My eyes are closing on their own as I type. I’m physically and emotionally exhausted… doesn’t help that it’s almost midnight, but whatever. I won’t have time to write tomorrow so thought I’d update tonight.
Funny of the day:
I got in trouble at Chuck E Cheese. (and tweeted that it was chuckie cheese, which really shows how tired I am since I couldn’t spell it right) Anywho, dropped my girls off since they had a birthday party, and as we were leaving, the evil (I mean sweet) lady at the front asked what we were doing leaving with our kids still there. I explained that they were with a party and we were coming back, and she was like, fine, leave.

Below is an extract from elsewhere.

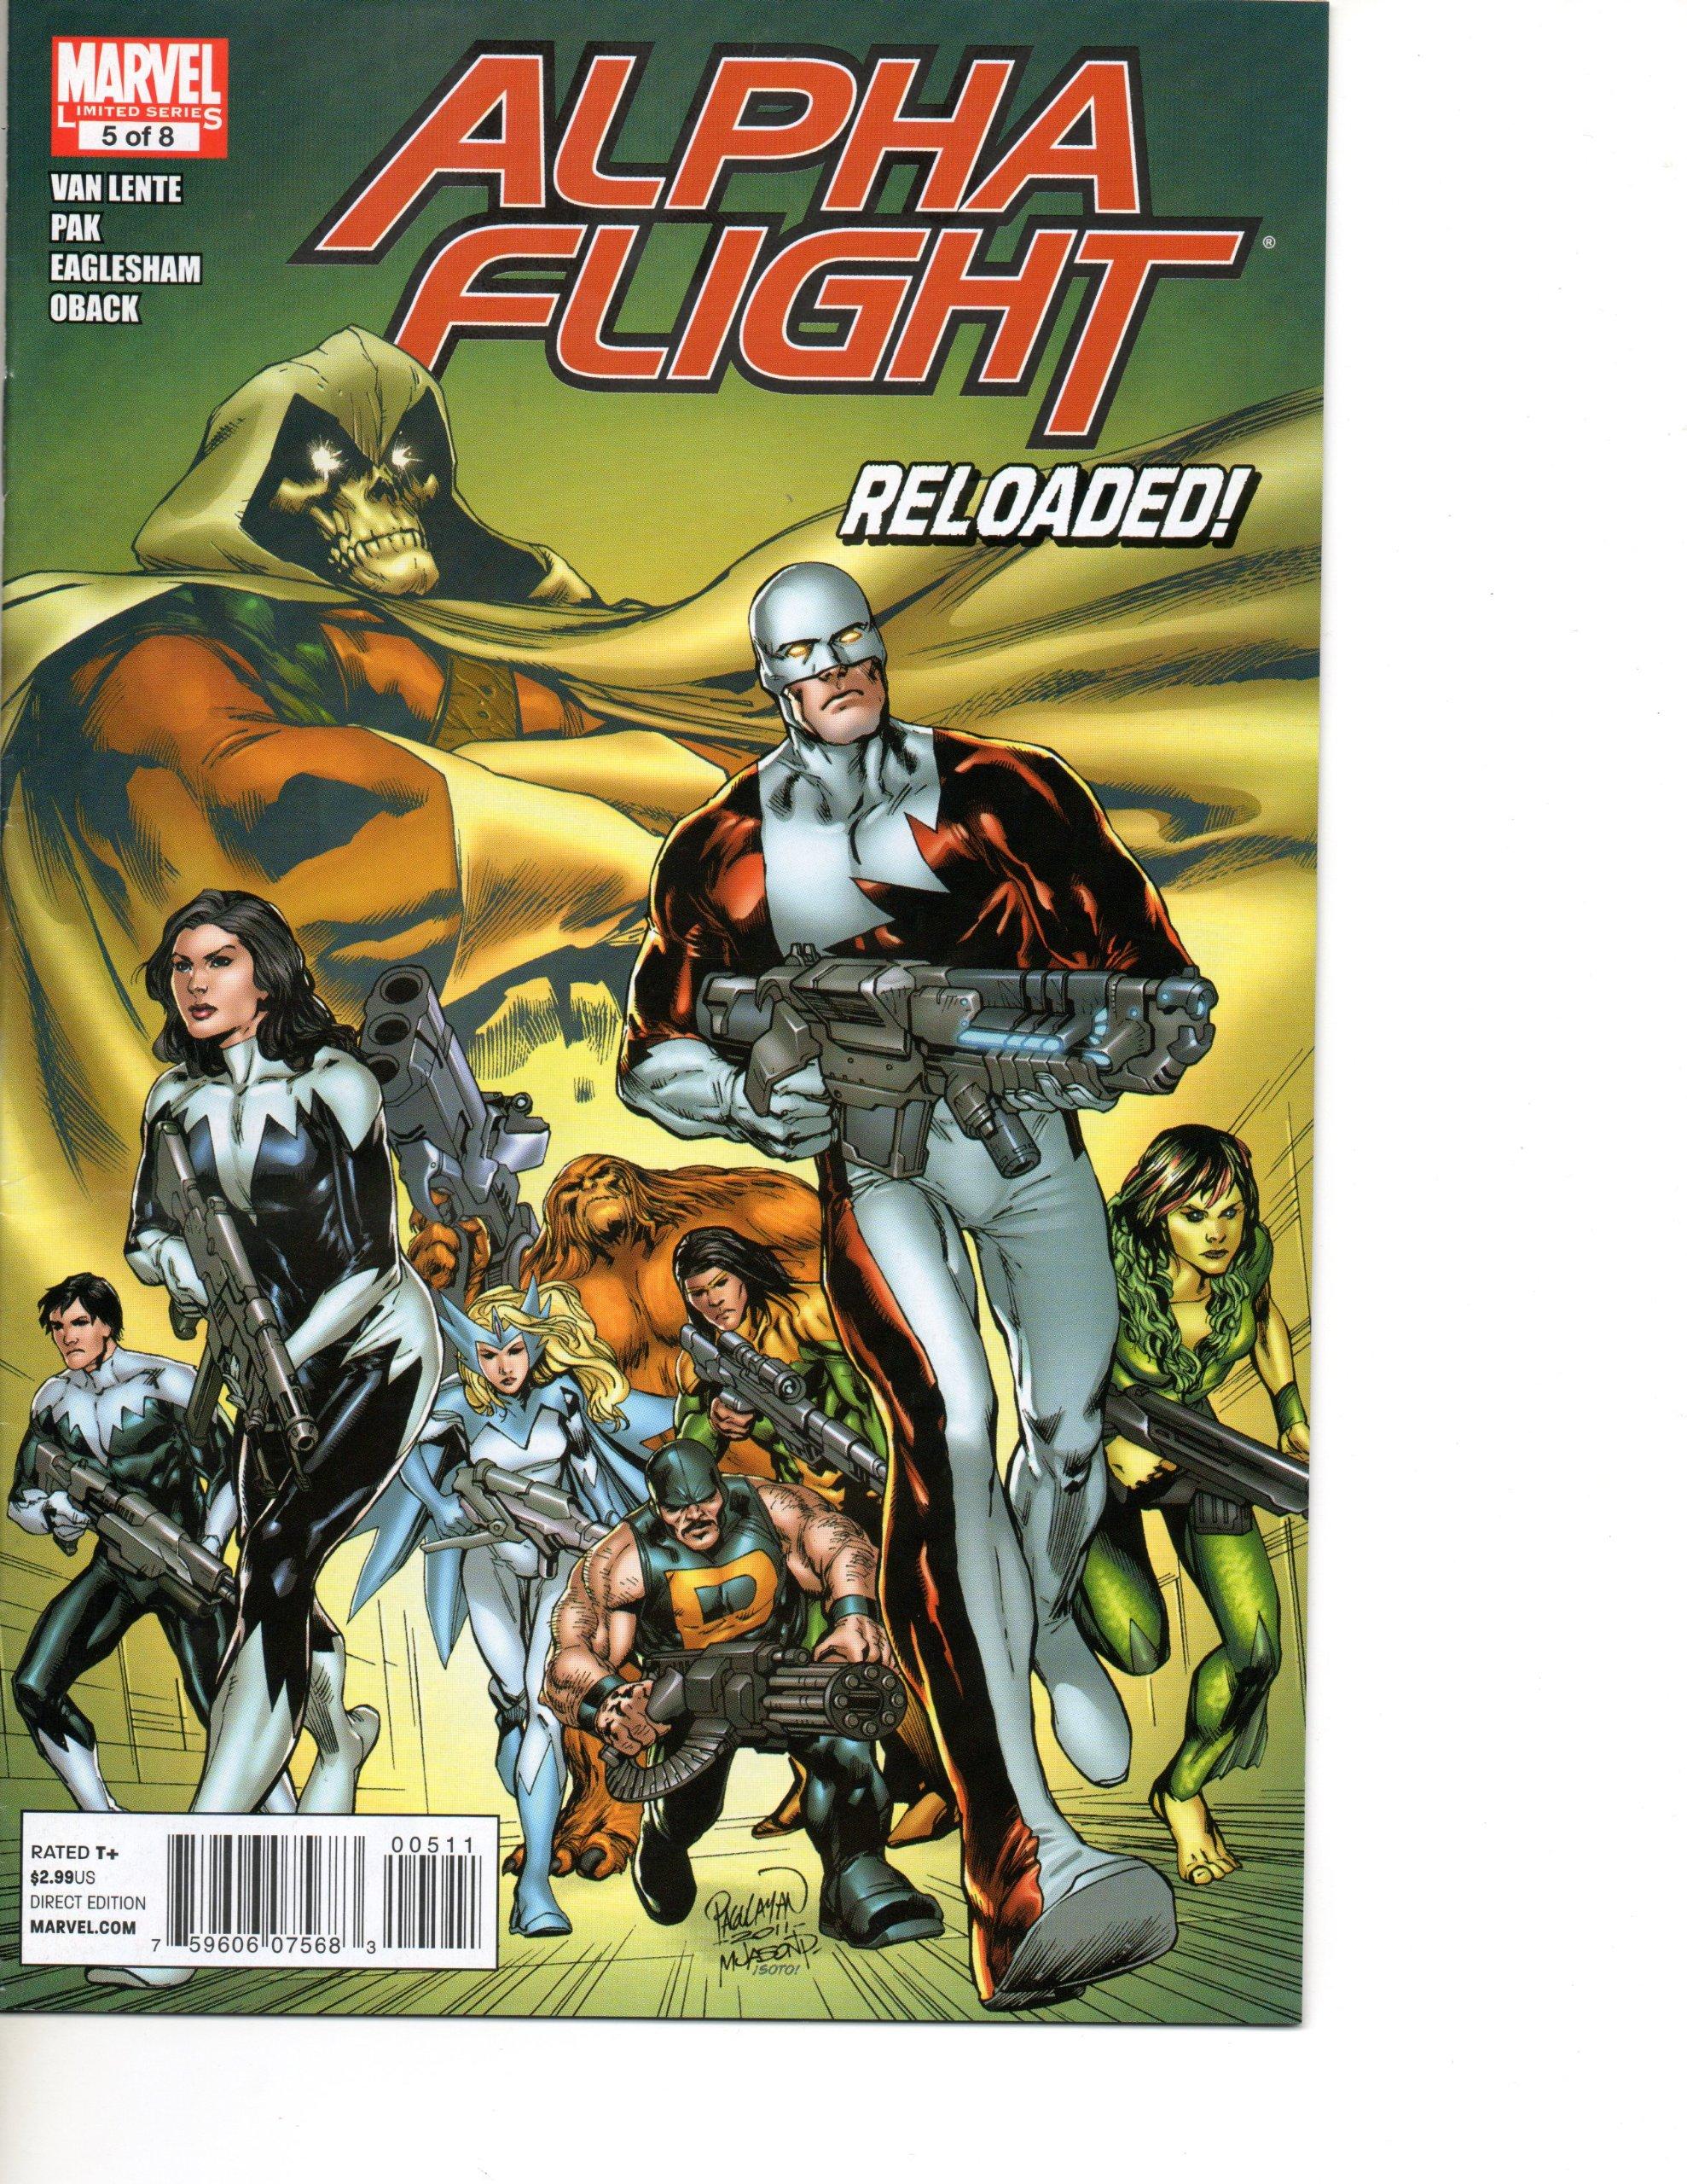 Read Online Alpha Flight #5 (Reloaded: The Last Refuge, Vol. 1) ebook

Then while she was telling my hubby how to undo the little roped gate thing because she was too busy to do it for us, I just rolled my eyes and do what I’m famous for, took matters into my own hands and stepped over the very short step-overable rope.
Evil sweet lady was not pleased. “WHAT ARE YOU DOING? DO NOT do step over the rope. You’re teaching kids bad things!”
In a move I’m not proud of, I snickered and just walked on. Not very Christian of me. I probably should have apologized. But I gotta be honest. I found it hilarious. A little irritating to be talked to like I’m ten, but whatever. It was funny.
Anyway, back to non-chuck-e-crime issues.
We got our letter back from Boston Children’s today. To explain everything would be quite long, but to summarize… we are staying the course with transplant. Scott and I both feel that at this point and time, this is what God is leading us to do. Boston reiterated that a bi-ventricular repair, even though she has the volume needed, would be dangerous right now because of her poor heart-muscle function. There is a chance it could improve, but that is small. And the course we’d have to take to do the bi-ventricle repair is full of many surgeries, long odds, and much suffering by not only Annabelle physically, but my other children and husband as well.
This said, I view life as a road trip of sorts, with God being the navigator.
I think sometimes we view him as saying, “Go down I40” and when every exit comes, we look at him and say, “Do you want us to take this one?”
Sometimes he says yes, and we do.
But sometimes that stop off is just at a rest area or to gas up, and then he says, get back on the interstate.
Other times, we take that road to another interstate… or take the long way.
We don’t know why we take the turns we do. We don’t know why we don’t stay on the same road that he started us on. Maybe there are wrecks ahead, slow traffic, or maybe he just wants us to take in the scenery for a bit.
I’m reminded that our journey isn’t complete until we are in heaven, until we’ve completed all the stops and things God has for us in this life. WE have no clue how long the trip will last.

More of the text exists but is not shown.